7. For the appellant, Mr Shah told me that the Judge's decision is tainted by material errors of law. He told me that the first and second appellants gave evidence, and so did four other witnesses, but the Judge does not analyse the evidence of those witnesses nor does the Judge make any findings of fact on the basis of that evidence.

8. Ms Kiss interjected and told me that the respondent accepts that the Judge has failed to make findings of fact and failed to analyse the evidence of witnesses. Although between [16] and [19] the Judge records that those witnesses gave evidence, the Judge goes on to (effectively) ignore that evidence. Ms Kiss told me that it is now conceded that the failure to deal with the evidence provided is a material error of law. She urged me to set the decision aside.

Analysis

9. In MK (duty to give reasons) Pakistan [2013] UKUT 00641 (IAC), it was held that (i) It was axiomatic that a determination disclosed clearly the reasons for a tribunal's decision. (ii) If a tribunal found oral evidence to be implausible, incredible or unreliable or a document to be worth no weight whatsoever, it was necessary to say so in the determination and for such findings to be supported by reasons. A bare statement that a witness was not believed or that a document was afforded no weight was unlikely to satisfy the requirement to give reasons.

10. The Judge's decision does not contain an analysis of the evidence provided by the appellant's witnesses. Between [16] and [19] the Judge says that he heard evidence from three particular witnesses. I am now told that the Judge heard from 4 additional witnesses. The Judge reasoning & conclusions lie between [20] and [28] of the decision, but the Judge does not say anything about the evidence he heard from the appellant's witnesses. The Judge neither accepts nor rejects evidence which goes to a central issue in the appeal. The Judge does not say what weight is placed on the oral evidence. The Judge does not balance the oral evidence against the evidence that he discusses between [21] and [24] of the decision.

11. The decision is incomplete and creates the impression that the Judge ignores the oral evidence of the appellant's witnesses. That is a material error of law. I set the decision aside.

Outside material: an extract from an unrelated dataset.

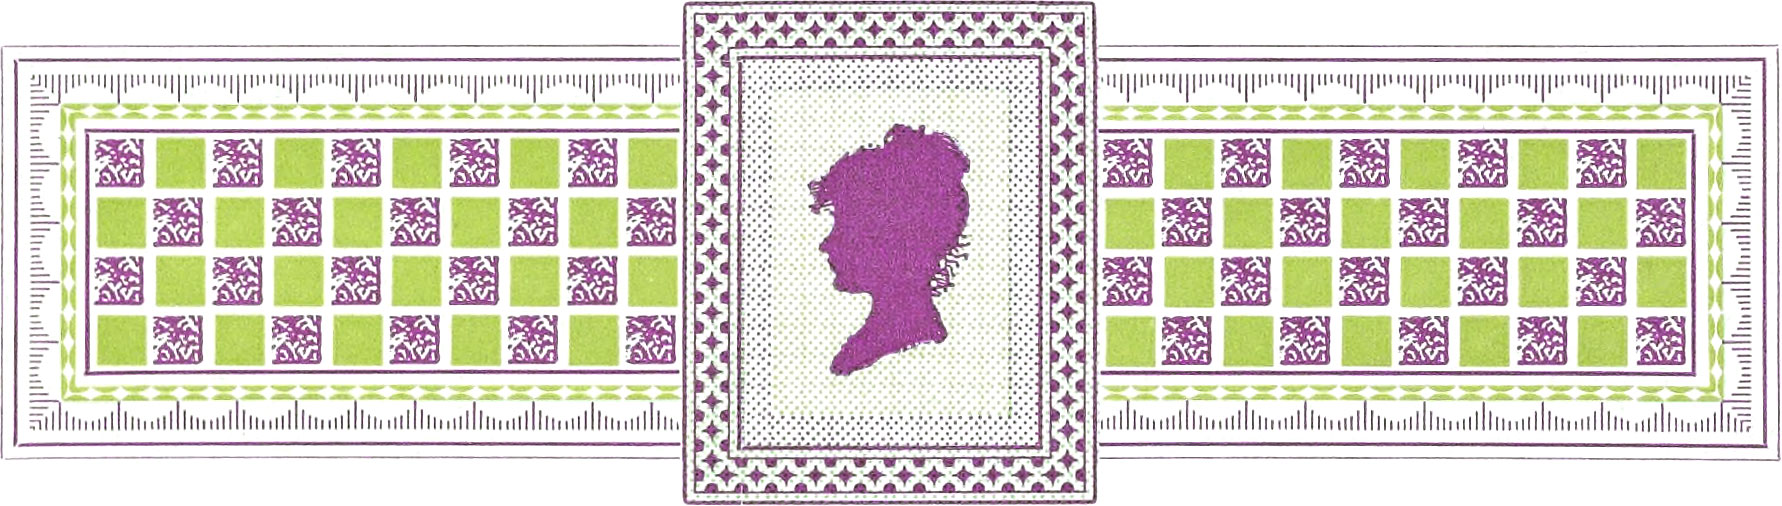 Checkered border with a female silhouette in the middle surrounded by a border comprising purple and green colors

12. Mr Shah told me that the first and second appellants together with three witnesses are present today, but that a Bengali interpreter is necessary and no request for an interpreter had been made. He told me that one of the child appellants has now been in the UK for seven years and is a qualifying child, but no updated evidence in relation to the two child appellants is available today.

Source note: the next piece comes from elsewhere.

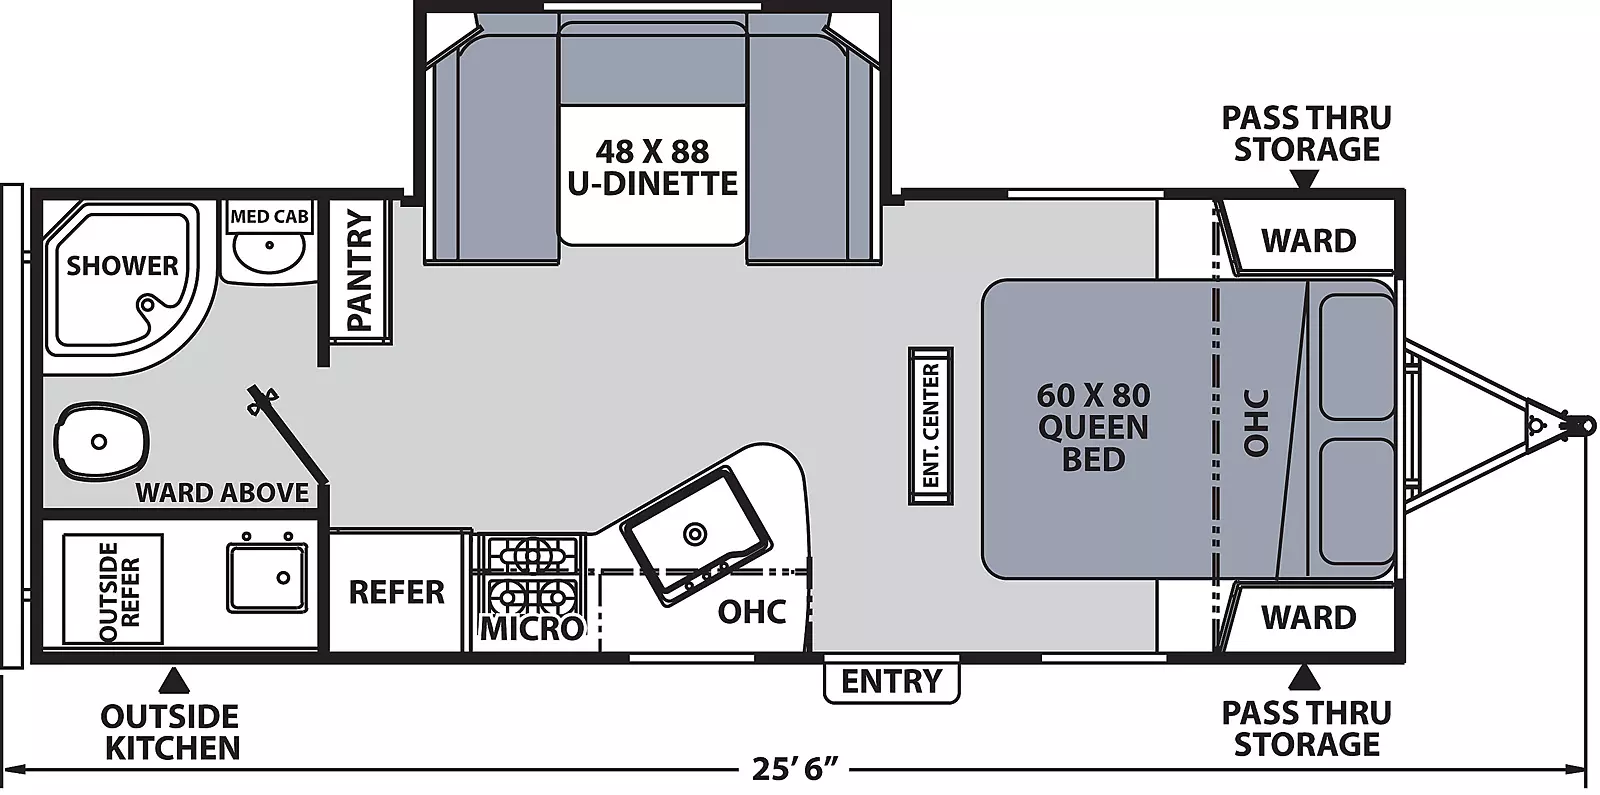 The 215RBK has one slide out on the off-door side and one entry door on the door side. Interior layout from front to back: front bedroom with foot facing queen bed, overhead cabinet, and wardrobes on either side of the bed; entertainment center; kitchen living dining area with off door side slide out containing u-dinette; door side kitchen containing sink, overhead cabinet, cook top stove, microwave cabinet, and refrigerator; pantry on off door side; and off-door side rear bathroom. Outside camp kitchen includes mini-refrigerator and single bowl sink on door side.

13. Ms Kiss told me that she wanted an opportunity to consider the evidence of the appellant's witnesses and to make enquiry about their status in the UK.

14. The net effect is that neither the appellant nor the respondent are in a position to deal with a further fact-finding exercise today. Mr Shah and Ms Kiss joined in asking me to remit this case to the First-tier Tribunal for a further fact-finding exercise.

15. I consider whether I can substitute my own decision but find that I cannot because further fact-finding is necessary.

Remittal to First-Tier Tribunal
16. Under Part 3 paragraph 7.2(b) of the Upper Tribunal Practice Statement of the 25th of September 2012 the case may be remitted to the First-tier Tribunal if the Upper Tribunal is satisfied that:
(a) the effect of the error has been to deprive a party before the First-tier Tribunal of a fair hearing or other opportunity for that party's case to be put to and considered by the First-tier Tribunal; or
(b) the nature or extent of any judicial fact finding which is necessary in order for the decision in the appeal to be re-made is such that, having regard to the overriding objective in rule 2, it is appropriate to remit the case to the First-tier Tribunal.
17. In this case I have determined that the case should be remitted because a new fact-finding exercise is required. None of the findings of fact are to stand and a complete re hearing is necessary.
18. I remit the matter to the First-tier Tribunal sitting at Taylor House to be heard before any First-tier Judge other than Judge N M Paul.

Decision
The decision of the First-tier Tribunal is tainted by material errors of law.
I set aside the Judge's decision promulgated on 23 May 2018. The appeal is remitted to the First-tier Tribunal to be determined of new.